Disclosure of Invention

The invention aims to overcome the defects of the prior art and solve the problem that the large-size high-speed measurement of an optical element cannot be realized in the prior art, and provides an ultrafast laser imaging-based large-aperture optical element measuring system, which can realize surface measurement within pulse time when in application, can realize real-time online monitoring because measurement parameters comprise basic physical quantities such as amplitude, phase and the like of the optical element, and is favorable for deep analysis of the whole working process state of the optical element.

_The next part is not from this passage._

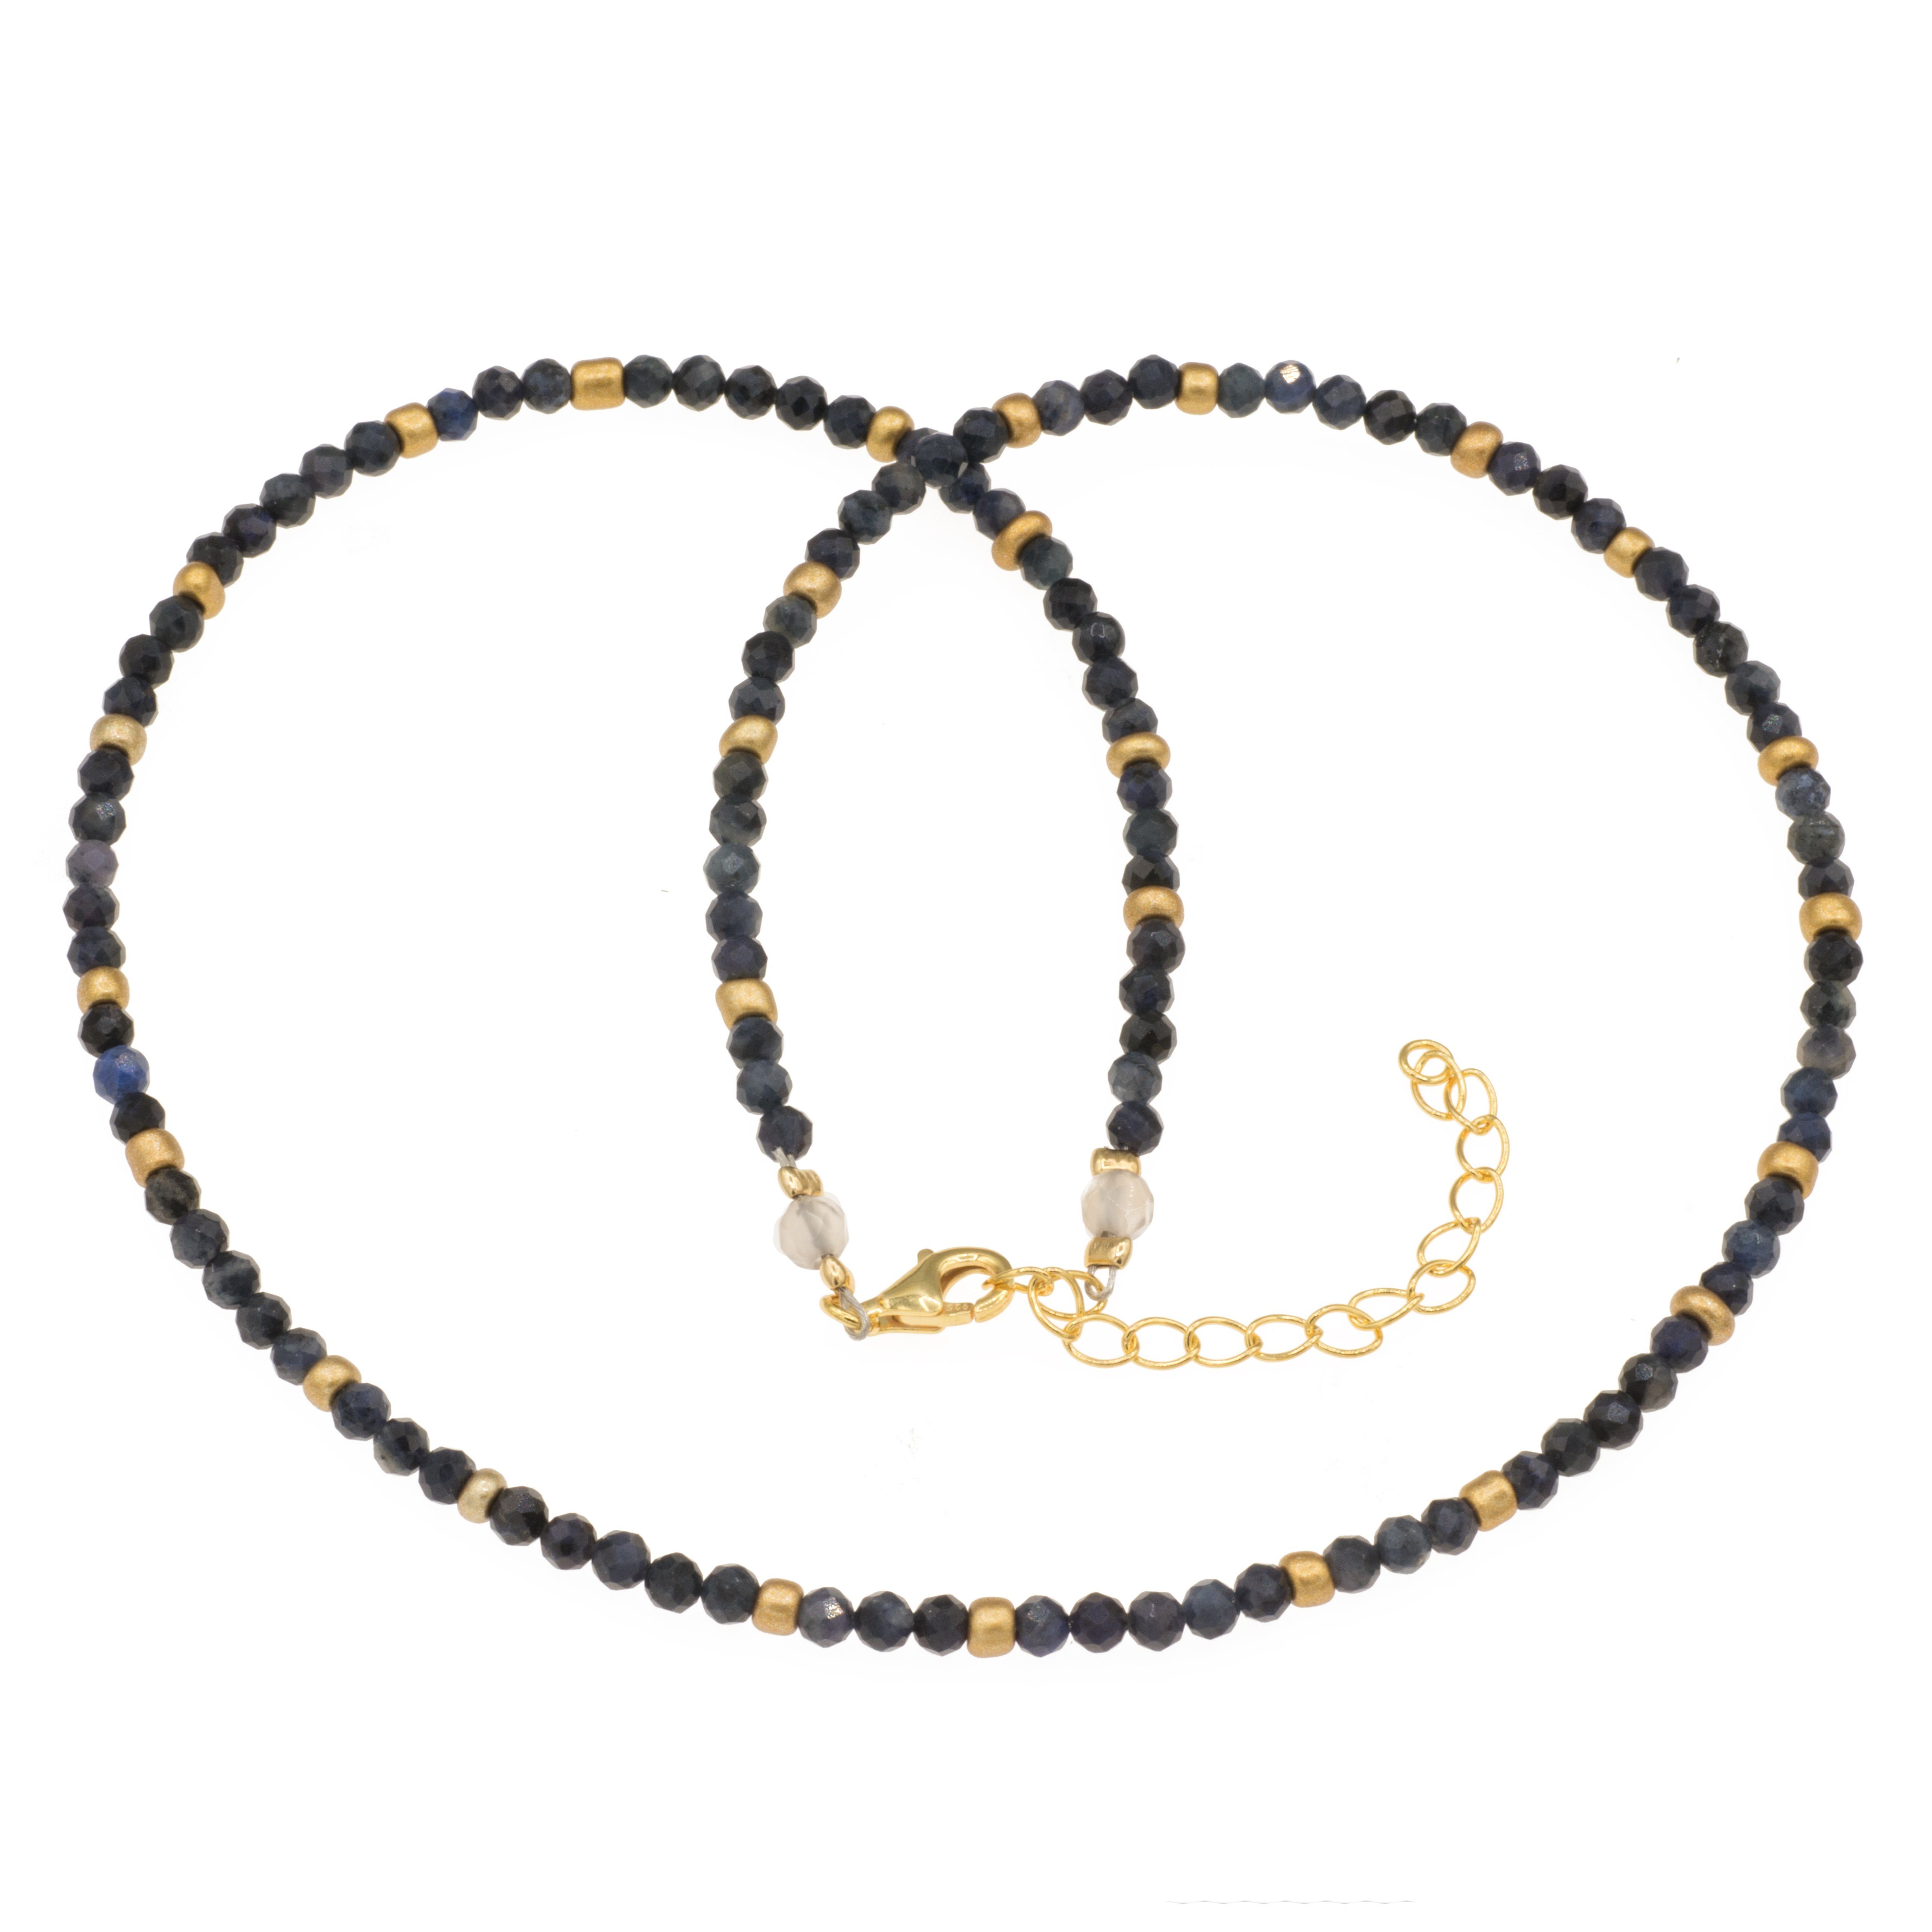 Bella Carina Perlenkette Kette mit echten Saphir Perlen 3 mm facettiert 42  - 47 cm, mit echten Saphir Edelstein Perlen

The purpose of the invention is realized by the following technical scheme:

a large-aperture optical element measuring system based on ultrafast laser imaging, the large-aperture optical element measuring system comprising: the system comprises a laser, a first diffraction grating, a first light beam adjusting piece, a second diffraction grating, a spectroscope, a dispersion element, a time lens module and a high-speed detection system, wherein the laser is configured to output wide-spectrum ultrafast pulse laser; the first diffraction grating is configured to convert the received broad-spectrum ultrafast pulse laser into a line-like light spot and output the line-like light spot to the first light beam adjusting part; the first light beam adjusting part is configured to convert the received line-like light spots into rectangular light spots and irradiate the rectangular light spots on the optical element to be measured; the second light beam adjusting part and the second diffraction grating are configured to output light spots emitted by the optical element to be detected to the spectroscope; the spectroscope is configured to divide the received light beam into two beams and output the two beams to the dispersion element and the time lens module respectively; the high speed detection system is configured to collect, store and analyze the optical signals output by the dispersive element and the time lens module.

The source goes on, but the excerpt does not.